Problem: Send back the line that contains "Kinder einen Computerkurs, Beluga" and all lines following it through the end of the data below, exactly, omitting pictures.

The data:

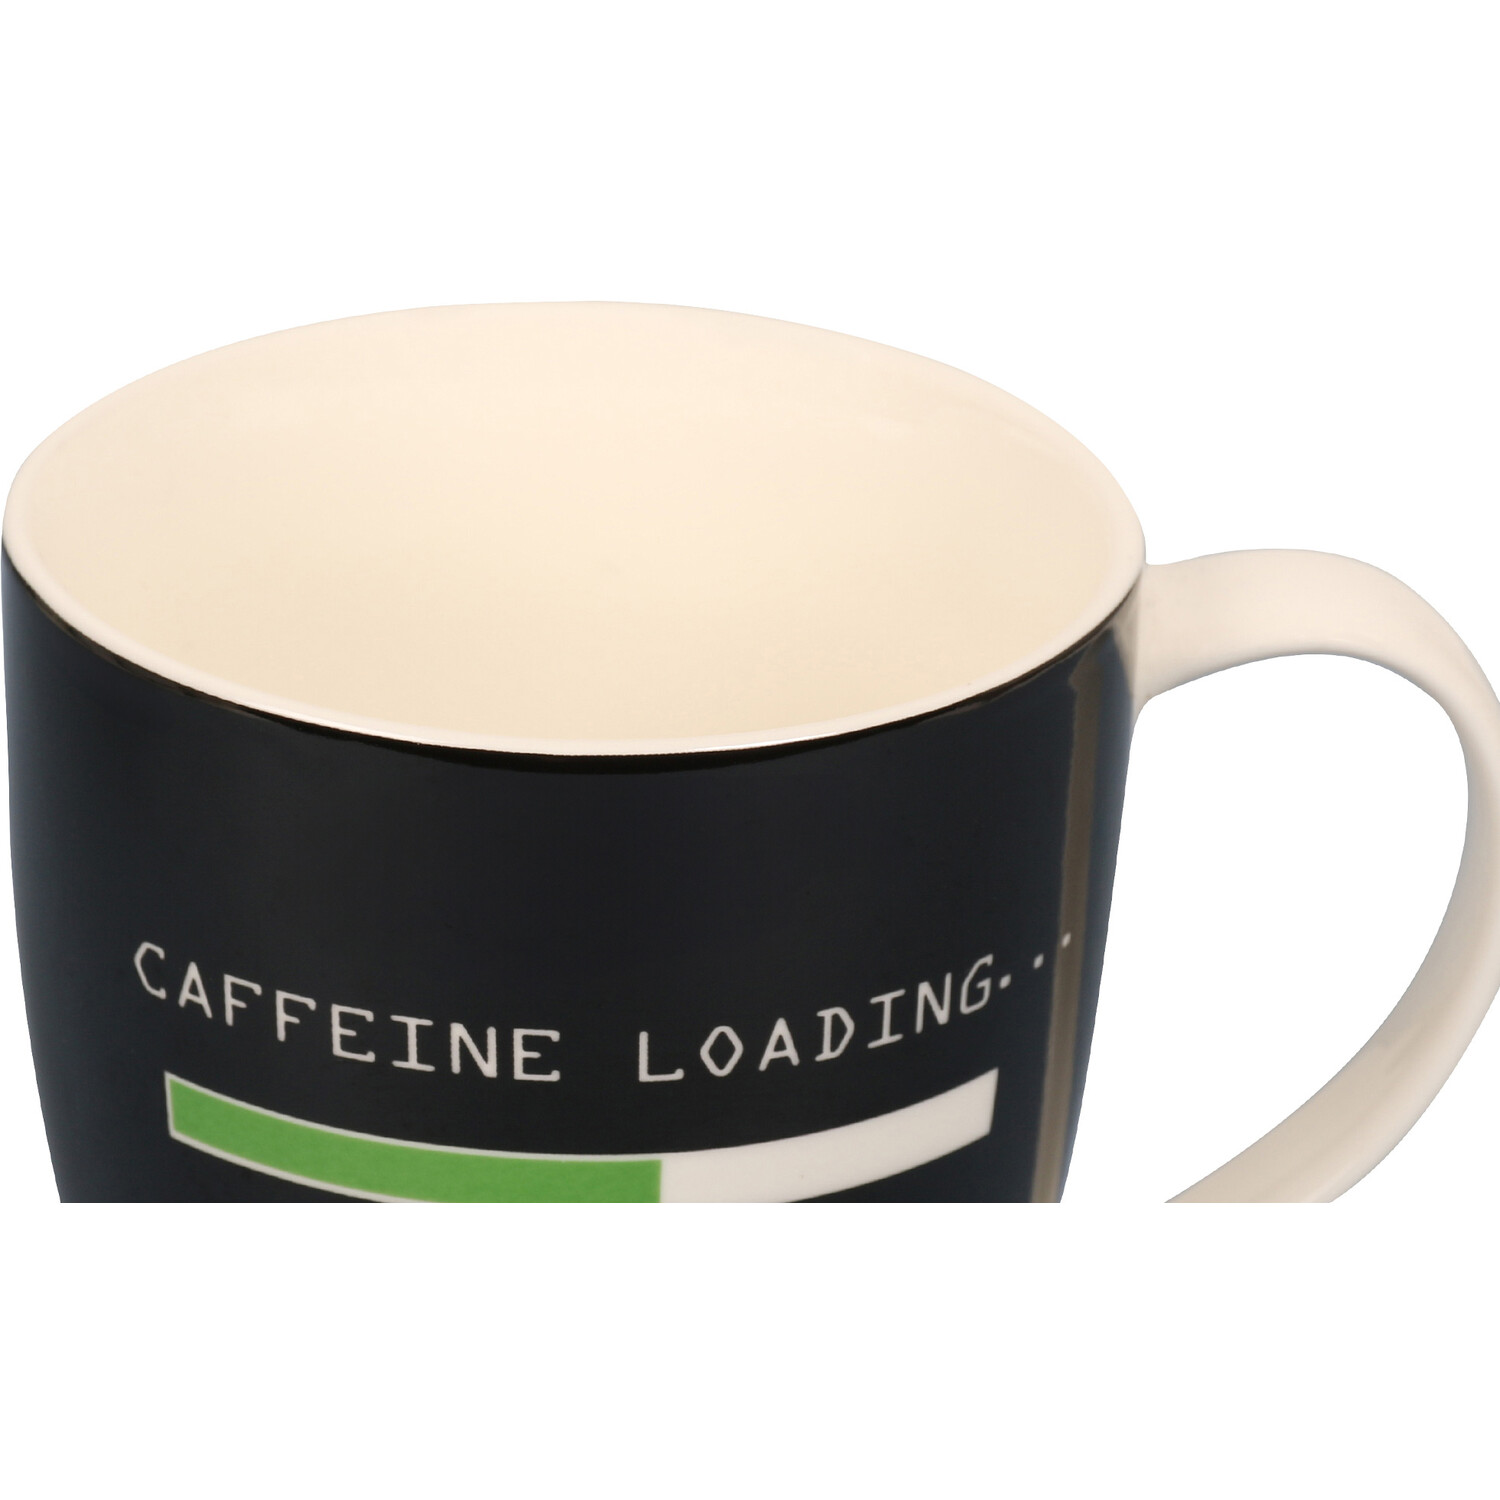 Caffeine Loading Jumbo Mug - Black Image 3
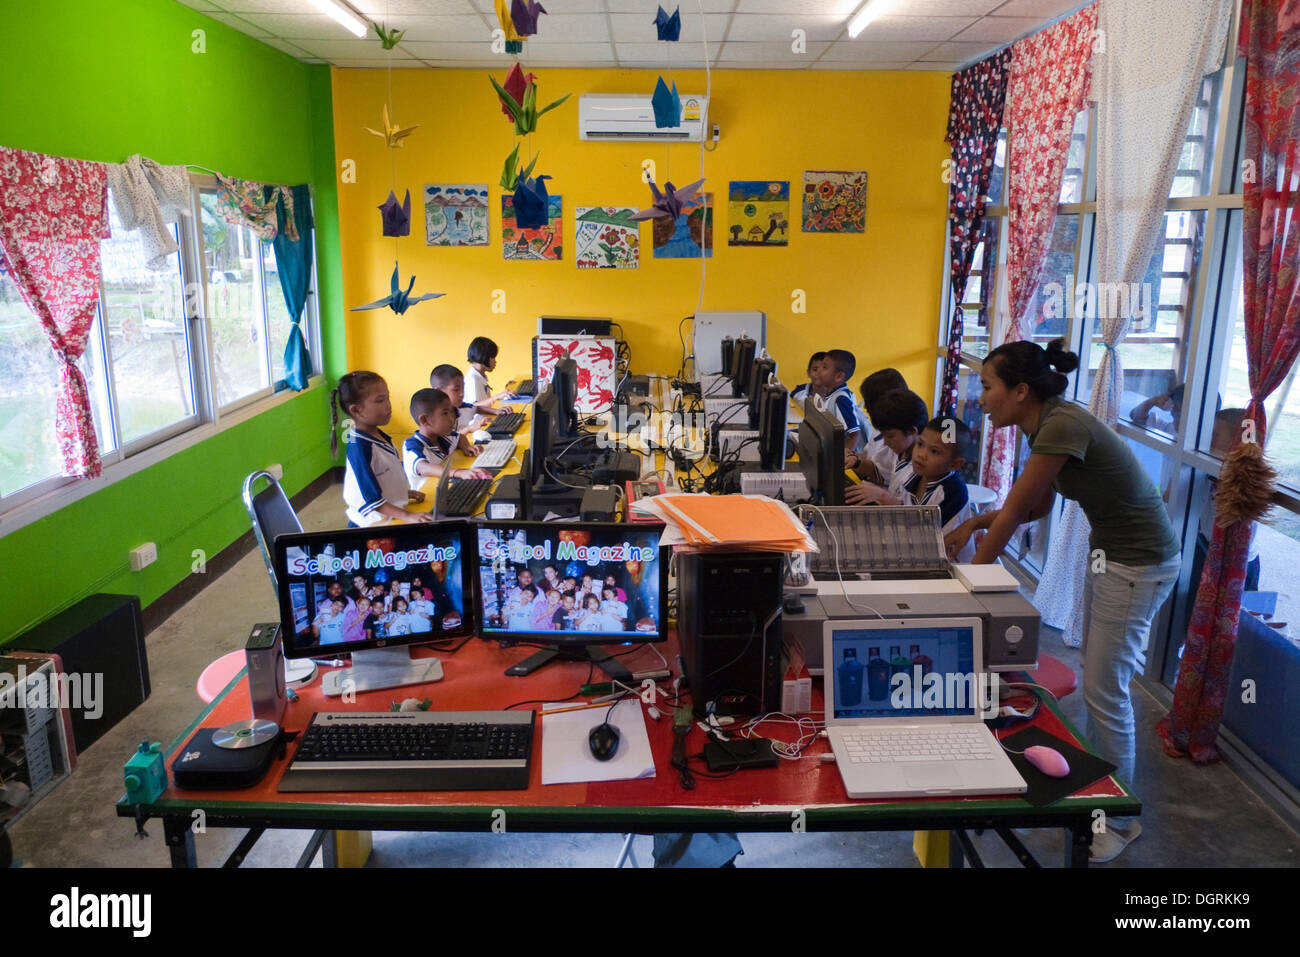 Kinder einen Computerkurs, Beluga School for Life, BSfL, Hilfsprojekt für Kinder in Not, gegründet nach dem tsunami Stockfoto
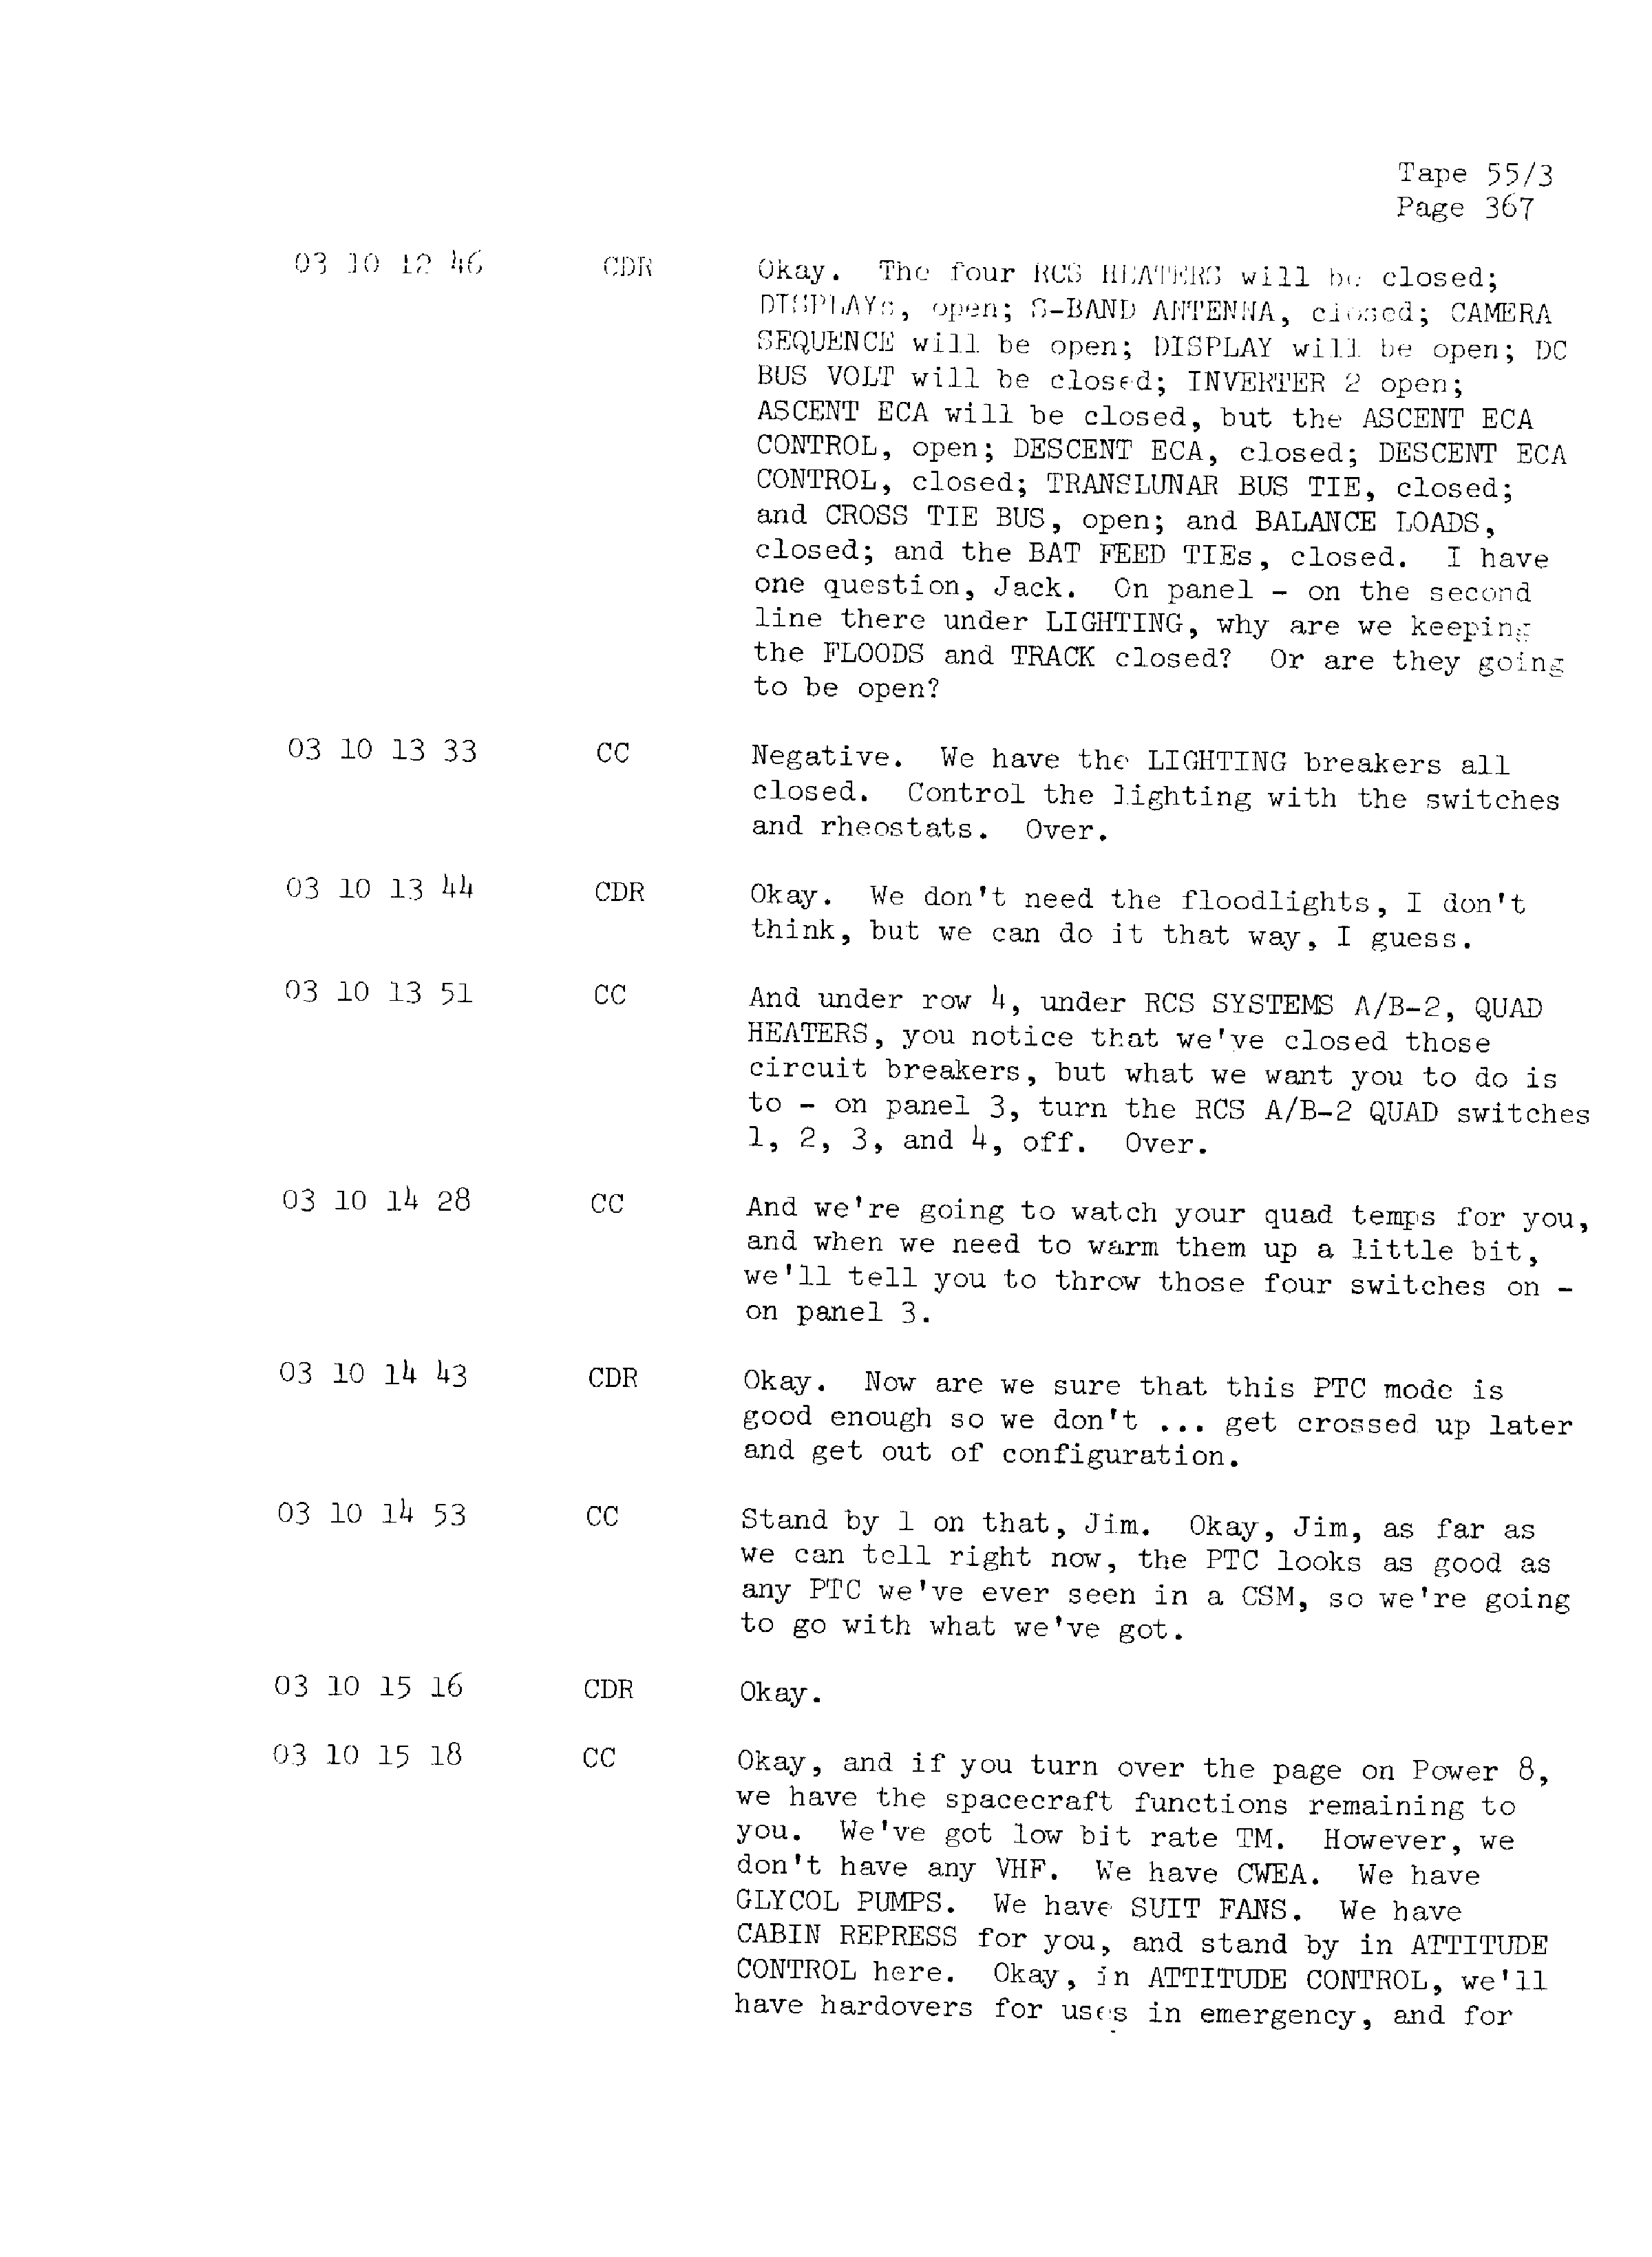 Page 374 of Apollo 13’s original transcript

Your response:
 Kinder einen Computerkurs, Beluga School for Life, BSfL, Hilfsprojekt für Kinder in Not, gegründet nach dem tsunami Stockfoto
 Page 374 of Apollo 13’s original transcript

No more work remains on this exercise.